Below we can see just a few common strategies that can be accomplished by using a different combination of owning and shorting (selling) the option or stock, using a call or a put and varying the stock price. You can also create even more in depth strategies by varying the expiration dates of your options.

optionstrategies

 

Simulator Option Trading

If options trading is allowed in your contest, you can use the Options trading page.

Trading options on your simulator is easy but there a few differences between the real world and a simulator.

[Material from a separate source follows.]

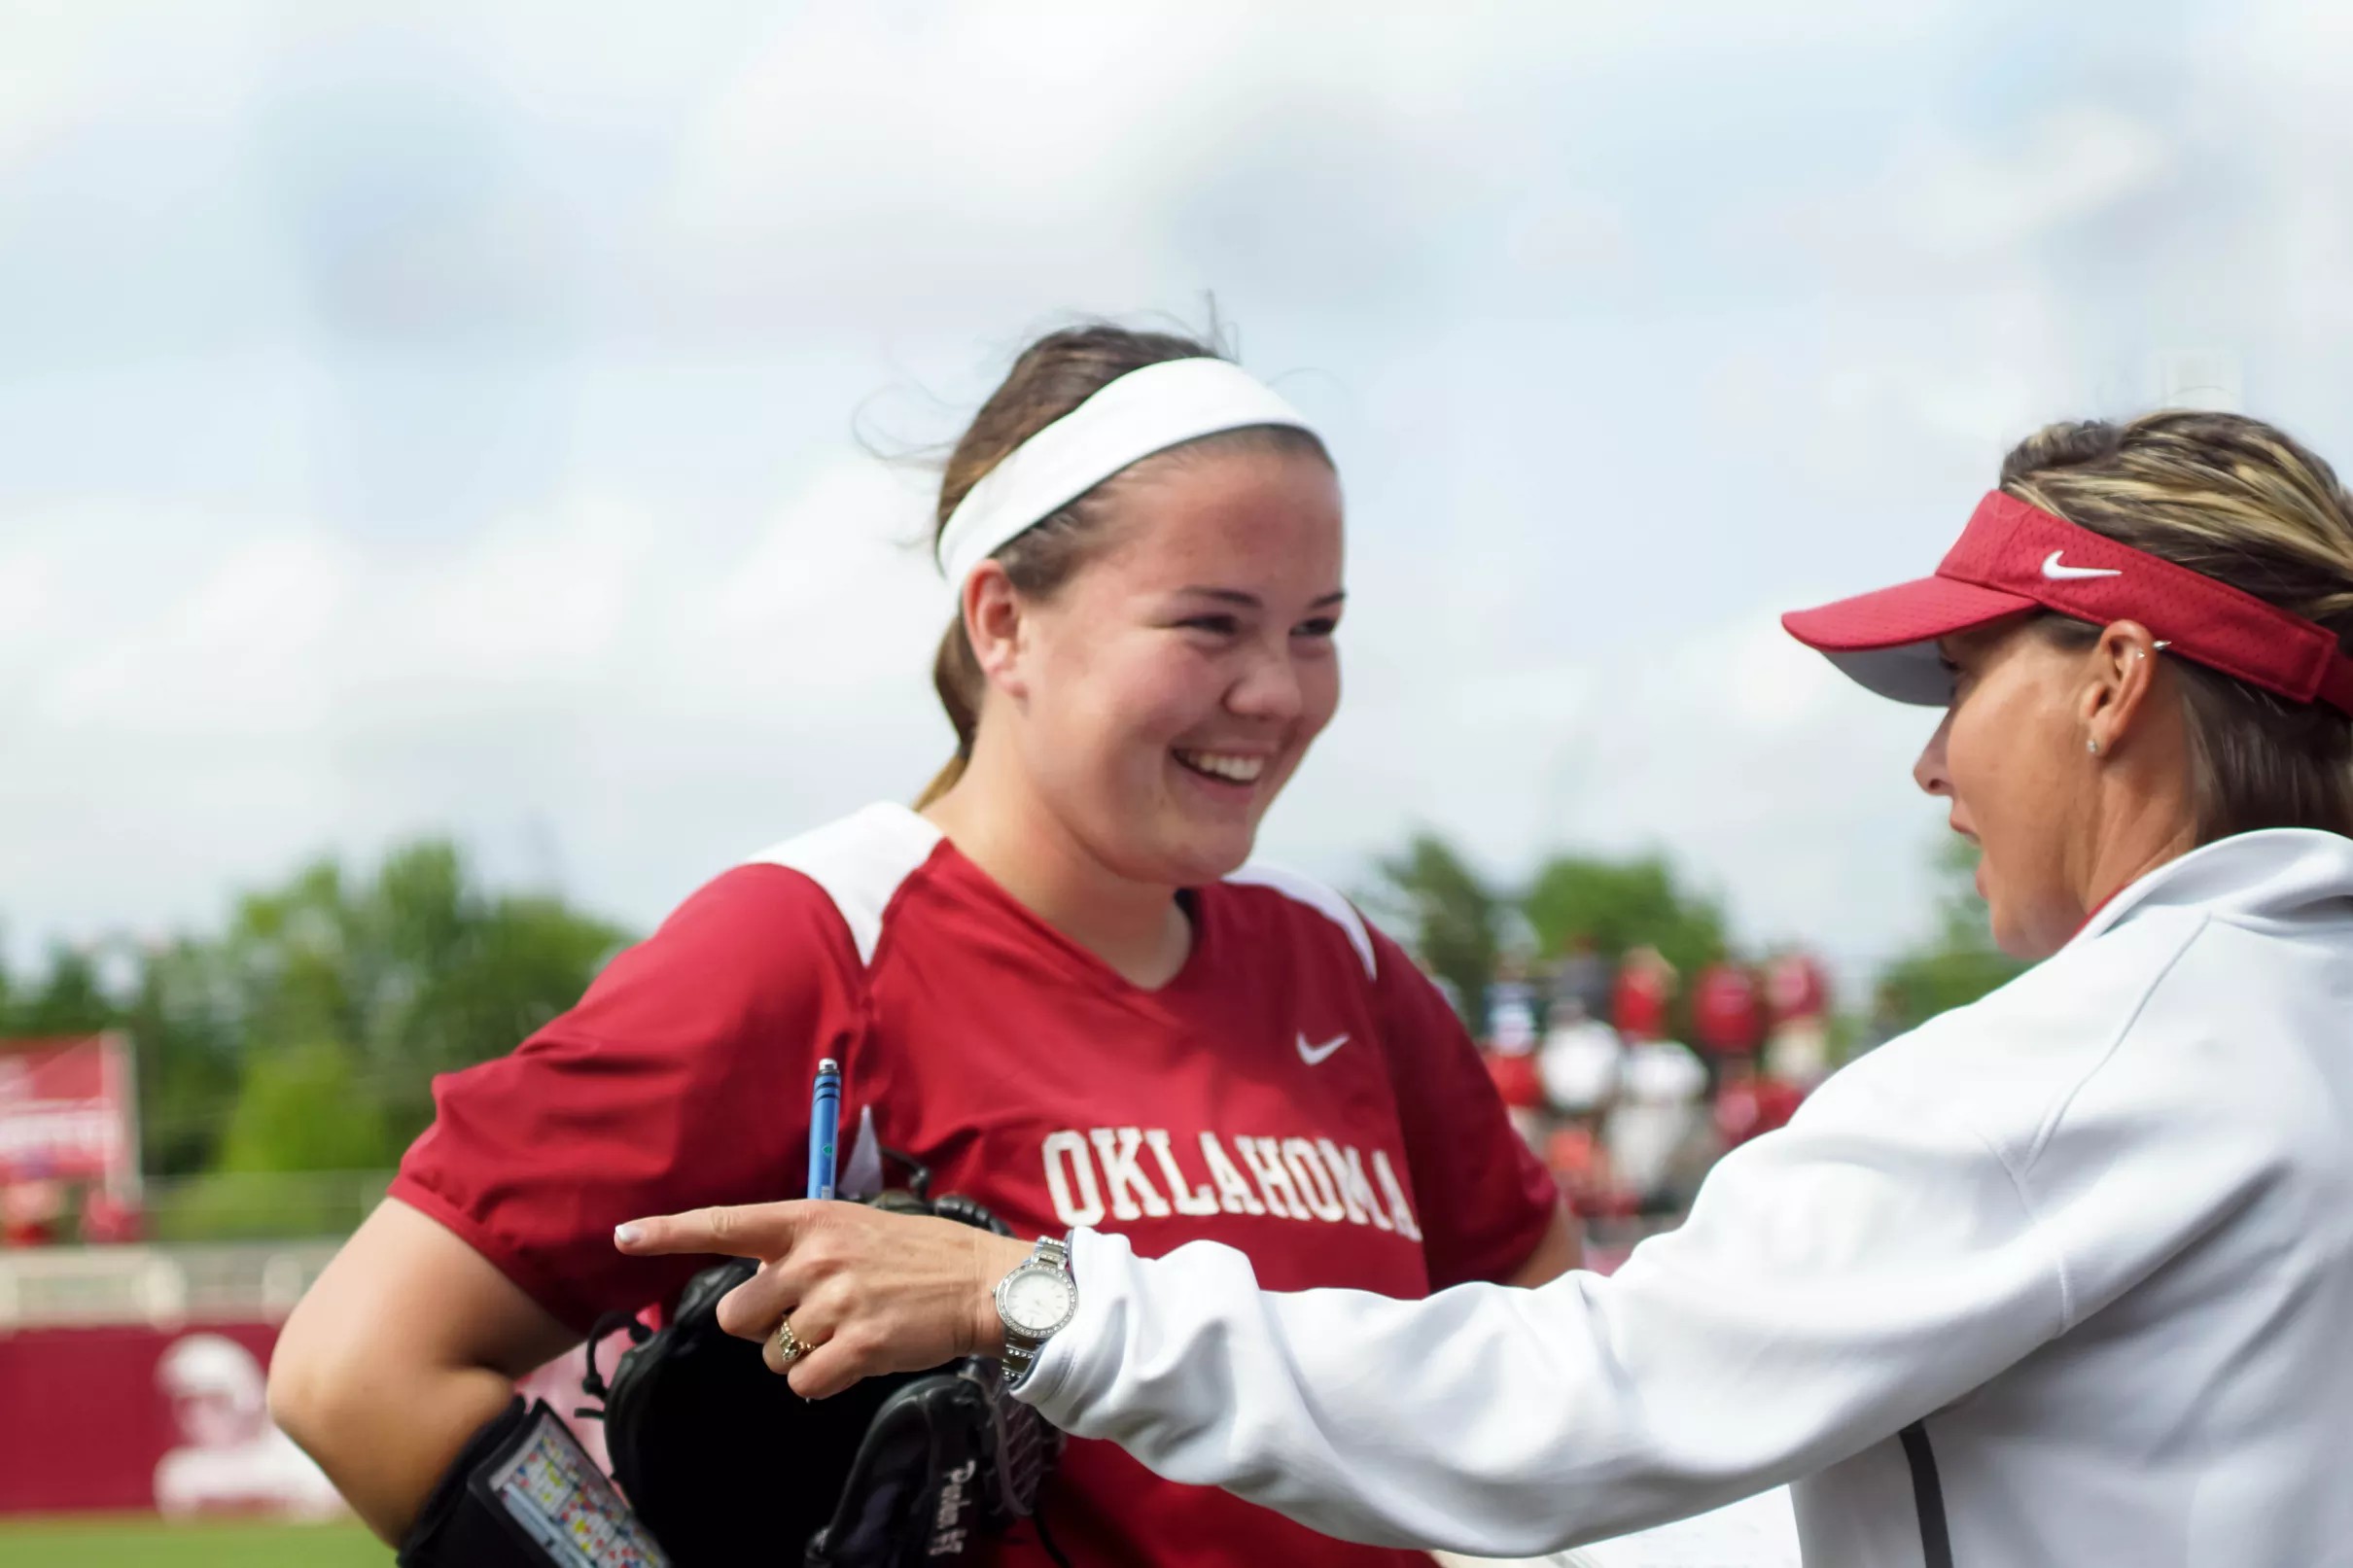 How to Watch Oklahoma Softball at the Women’s College World Series
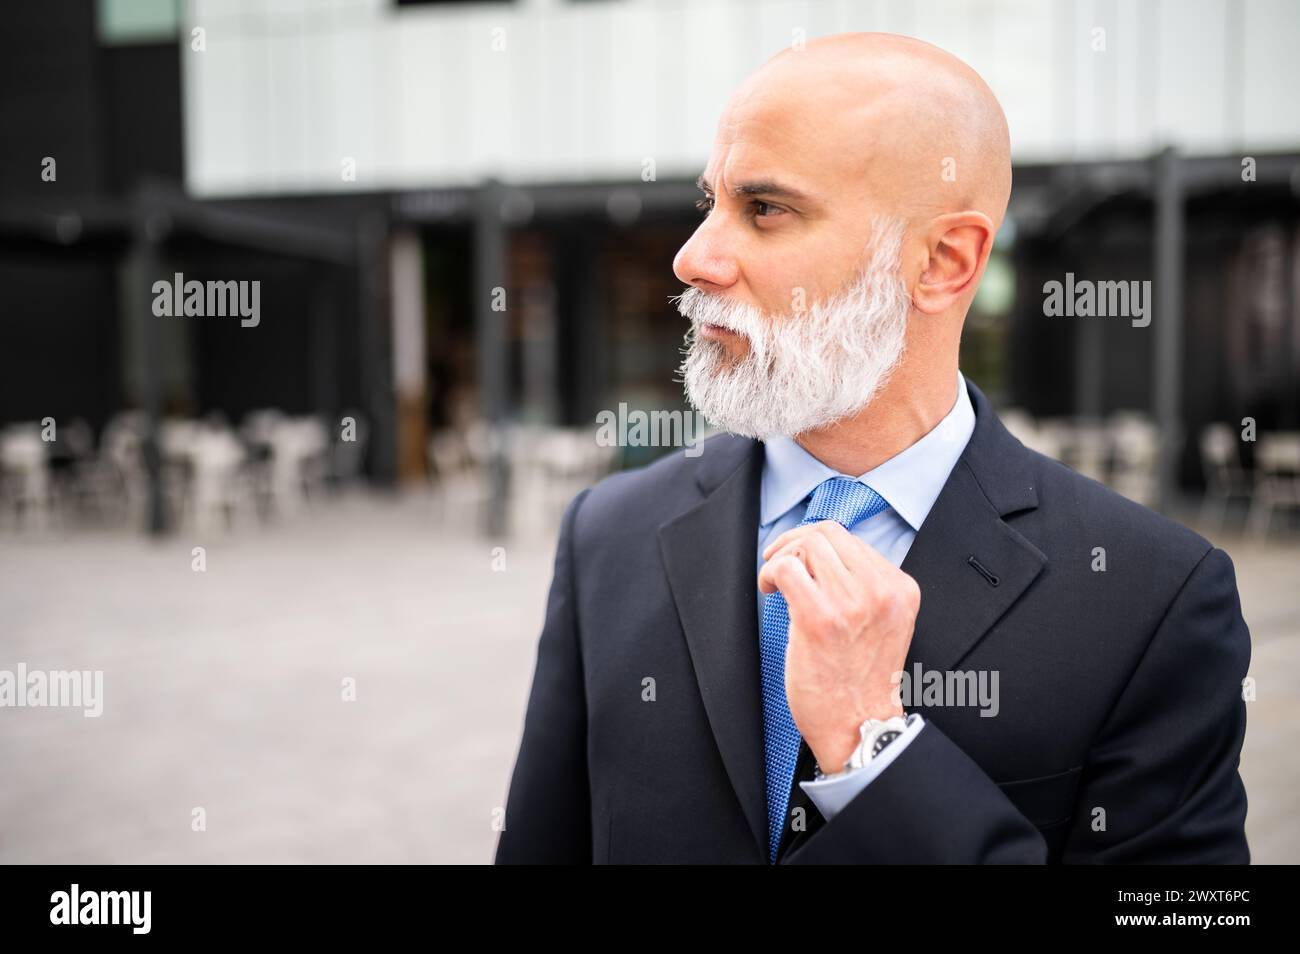 Mature bald stylish business man portrait with a white beard outdoor adjusting his necktie Stock Photo

To trade options start by going to the Make a trade => trade options tab.

options pit

  1. Simple or Spread: Simple is for one option whereas a spread will allow you two options that must both be calls or both puts with different strike prices.
  2. Action: Here you can select:
    Buy to Open: buy an option
    Buy to Close: Closes a written position (analogous to covering)
    Sell to Open: Opens a written position (analogous to shorting)
    Sell to Close: Closes a bought position
  3. Symbol: This is the symbol for the underlying asset.
  4. Put/Call: Select whether you want a put or call
  5. Expiry: This can only be selected after selecting your symbol and put/call. This will select the expiry date of your option.
  6. Strike: This can only be selected after selecting the expiry date. This selects the strike price.
  7. Quantity: Enter the quantity desired of options contracts. Remember! Options contracts are for 100 shares so when you buy 1 contract for $1 each it will in fact cost you $100
  8. Order Type: This will select if you wish a market, limit or stop order just as it would with stocks.
  9. Limit/Stop Price (if applicable): This is only selectable if you are using a limit or stop order
  10. Order Term (if applicable): This is only selectable if you are using a limit or stop order
  11. Expiration (if applicable): This is only selectable if you are using a “Good Till Date” order term
  12. Select preview and you can confirm your purchase.

Option nomenclature:

AAPL1504L85 is the way we write our options and can differ from other websites or brokerages.
Our options are written: Symbol Year Day (Call or Put and Month) Strike Price.

Call or Put and month:
A – L are for January – December Calls respectively
M – X are for January – December Puts respectively

Hence in the example above AAPL1504L85 : is an AAPL 2015 December Call for 85$ strike price.

Final Note: It is always a good idea to double check the open interest and volume for options as they trade infrequently. The best and most reliable is directly from Chicago Board Options Exchange (CBOE).